I still don't think this is the problem, the drive can just slow down accepting writes until it has reclaimed enough space.

The bigger problem is manufacturers chasing the performance. Generally you get the feeling they just hit their firmware with a hammer so it barely doesn't break NTFS.

See also the drama around btrfs' "unreliability", which is all traced back to drives with broken firmware. I fully expect bcachefs will get exactly the same problems.

kmxdm · on Nov 22, 2023

Yeah, but then you have a write amplification problem. Padding is write amplification from the start, and then GC is invoked many more times than it otherwise would be. There is a fundamental problem with (truly) flushing an IO that is smaller than the media write unit.
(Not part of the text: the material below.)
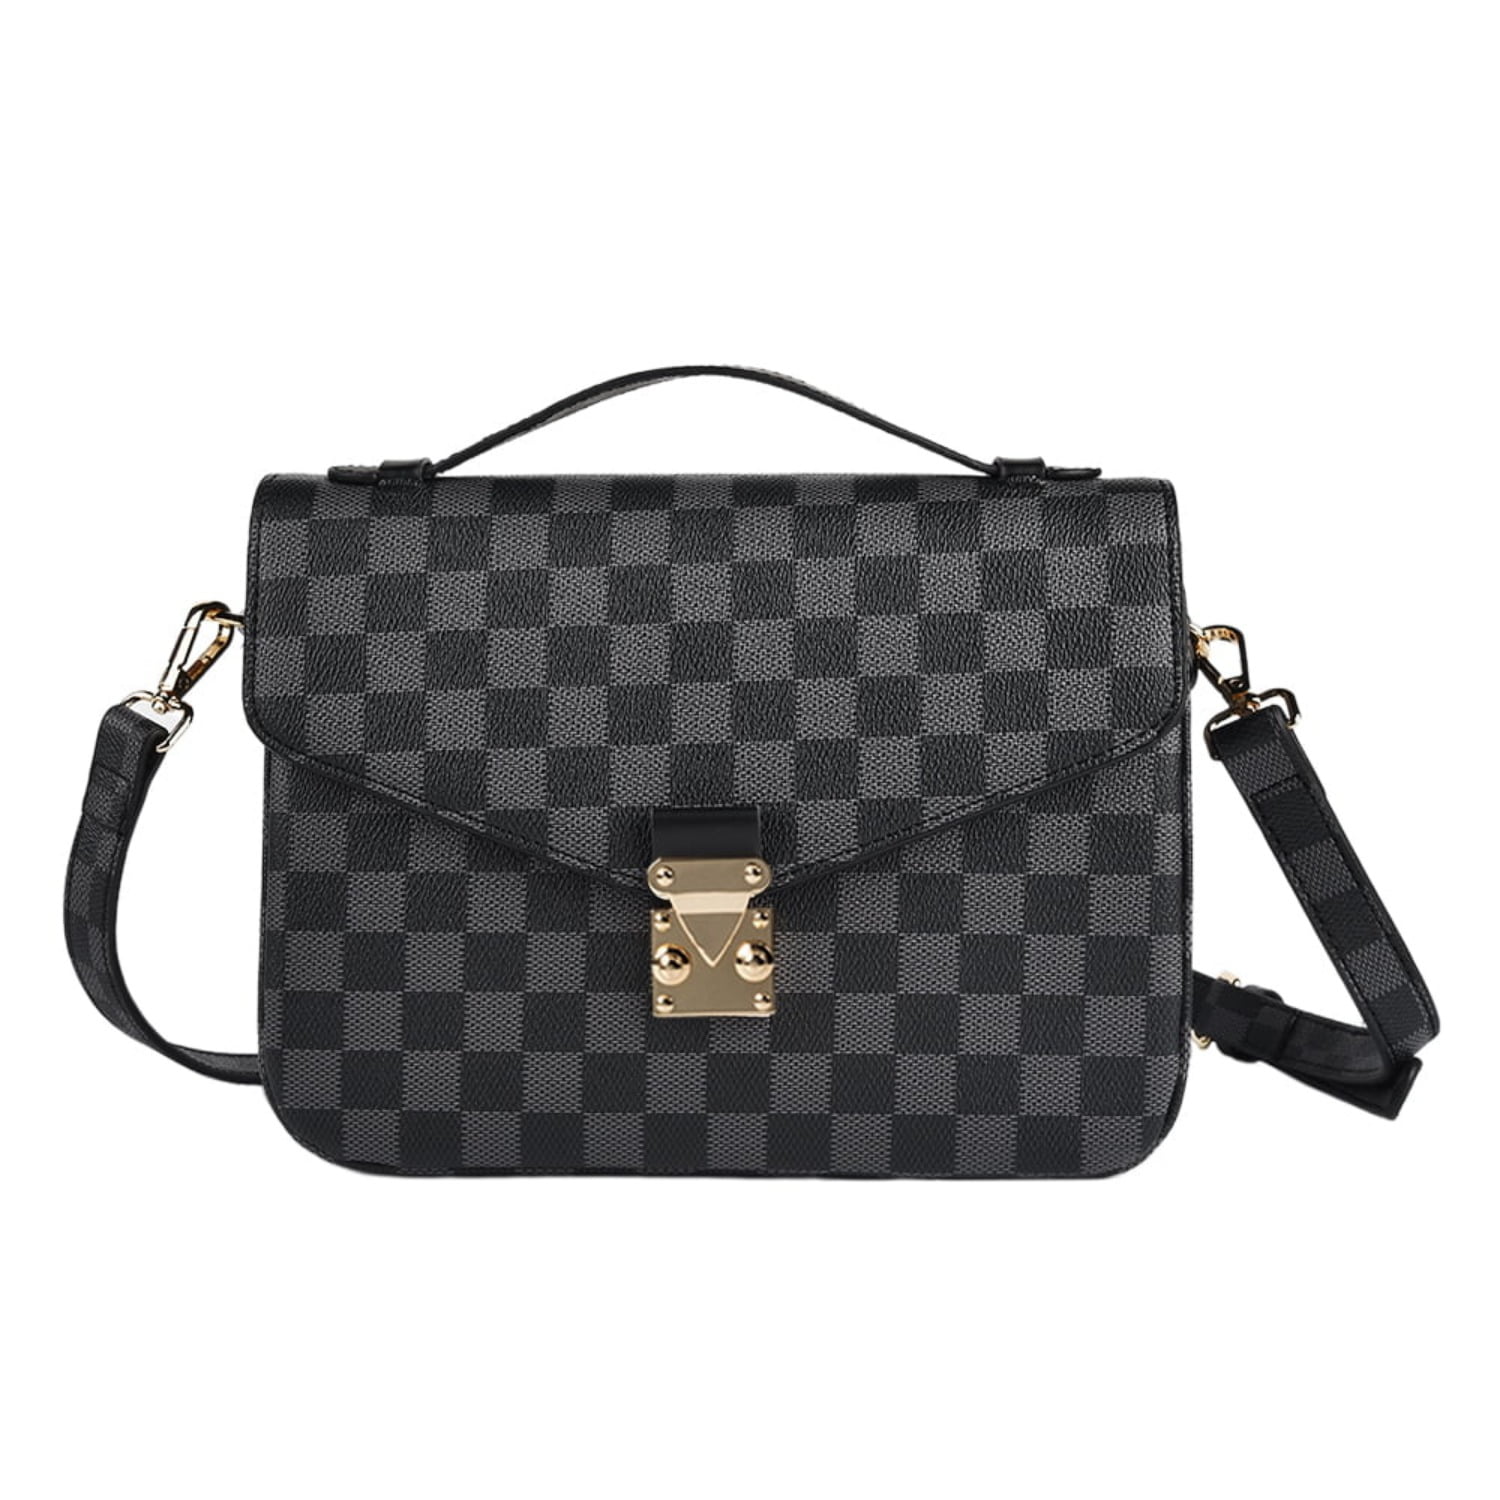 MK Gdledy Checkered Cross Body Bag - Womens Purse Checkered Evening Bag  Ladies Shoulder Bags - PU Vegan Leather 
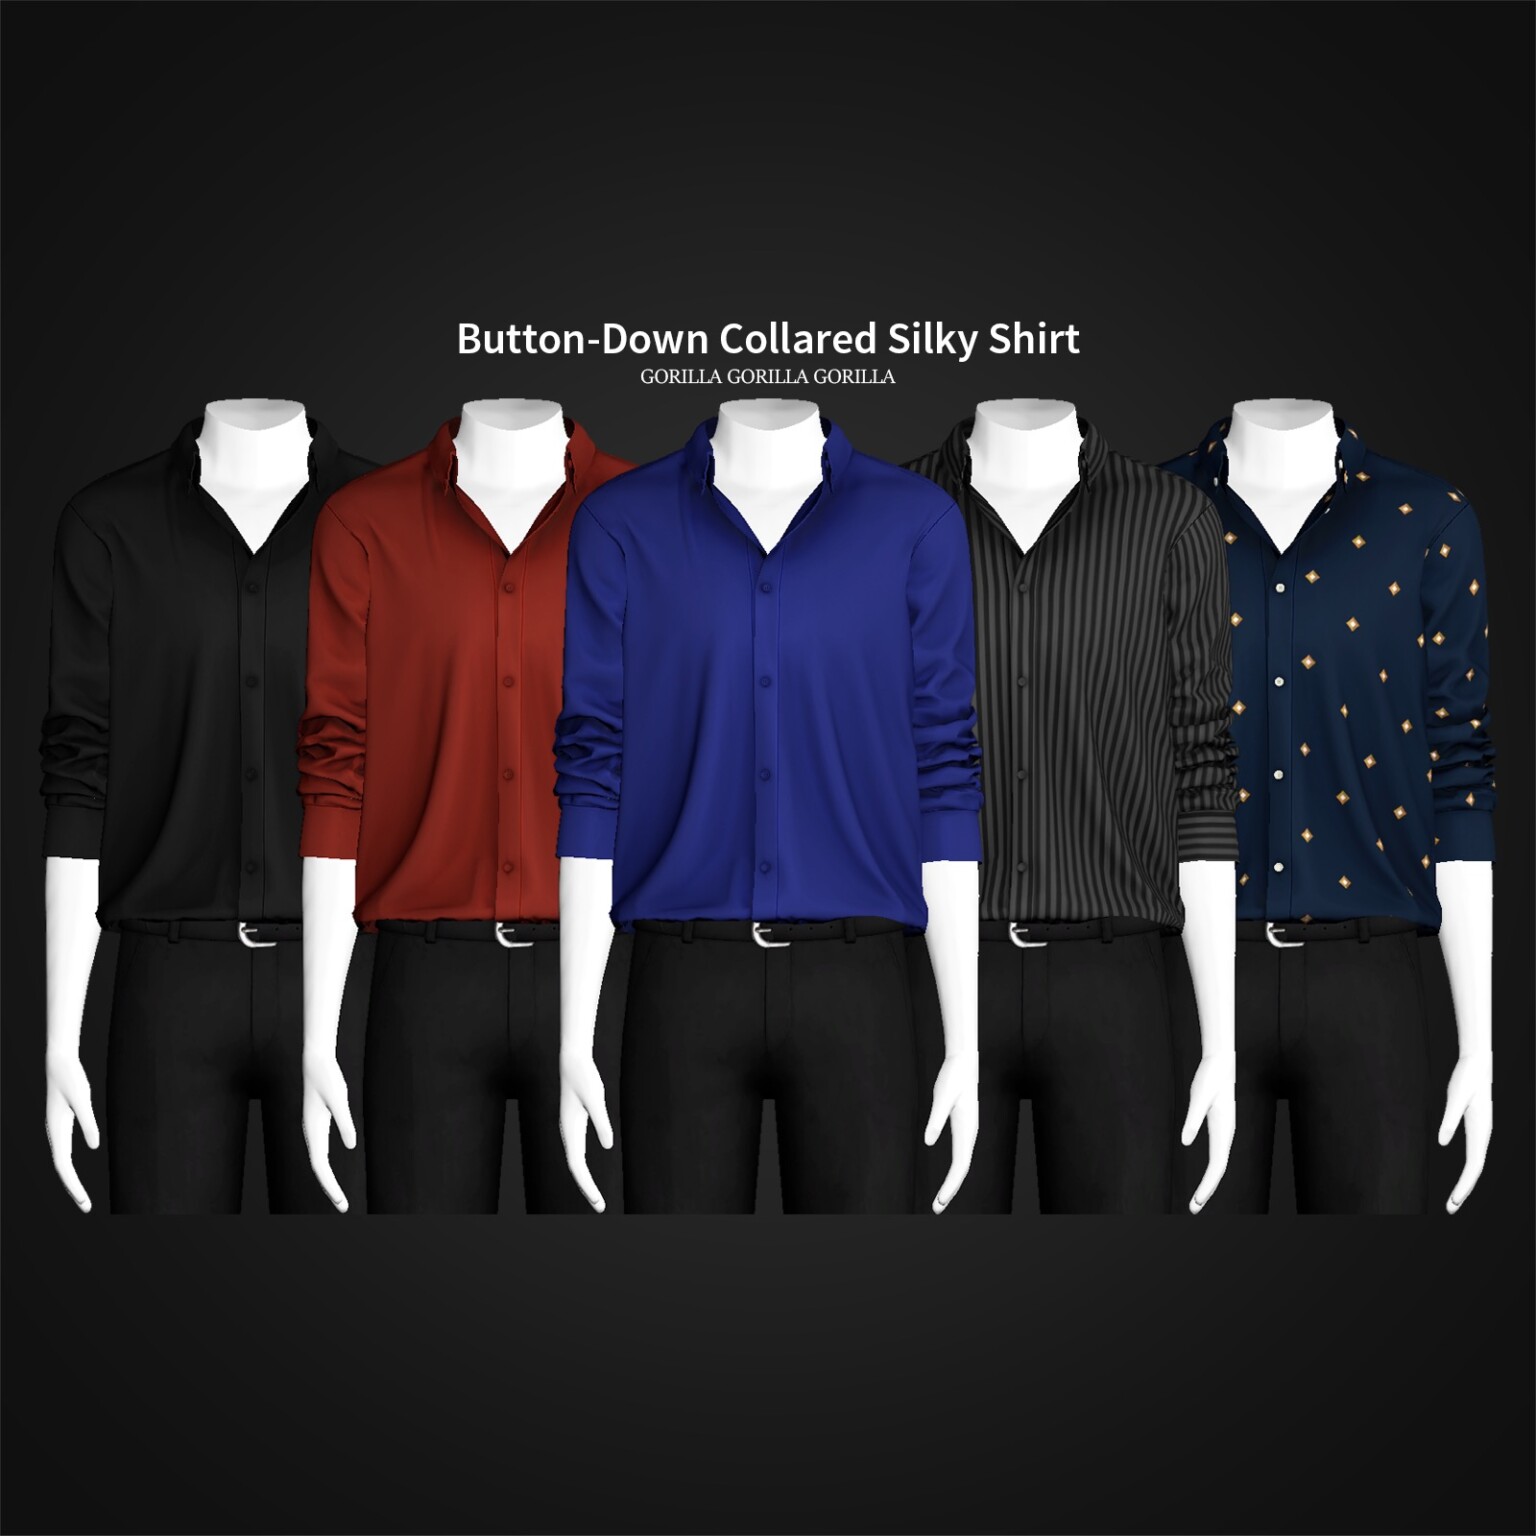 Sims 4 Clothing for males - Sims 4 Updates » Page 6 of 1046

It will cause problems if "abused." The SSD either needs to take on the cost of mitigation (e.g. caps) or it needs some way to provide hints to the host that don't exist today.

nijave · on Nov 22, 2023

I'm curious what the real cost of power protection is for the manufacturer. Adding caps or a bit of backup power seems like it _should_ be a fairly cheap compromise to maintain performance without lying about persistence

kmxdm · on Nov 22, 2023

M.2/2280 makes it hard. Can't use cheaper aluminum can capacitors due to their size/height. The low profile (tantalum?) capacitors are expensive and take up a lot of PCB area, forcing a two sided PCB design on 2280 (the 110mm version would be better here). M.2 only provides 5V. On other form factors you get 12V and can get more charge stored for the same capacitance (q=CV) without needing a DC-DC converter.

justsomehnguy · on Nov 22, 2023

define 'cheap'?

You already have the device shipped to you under $40 with packaging, shipping from China, to the distributor, to you; with a profit at the every step.

nijave · on Nov 23, 2023

$1-5

I'd gladly pay a few bucks extra for a drive that doesn't delete my data when the power fails

justsomehnguy · on Nov 23, 2023

> $1-5

For a $20 device this is 5-25% of the cost the product, assuming $40 retail cost. It would be 1-5% for a $100 product, of course.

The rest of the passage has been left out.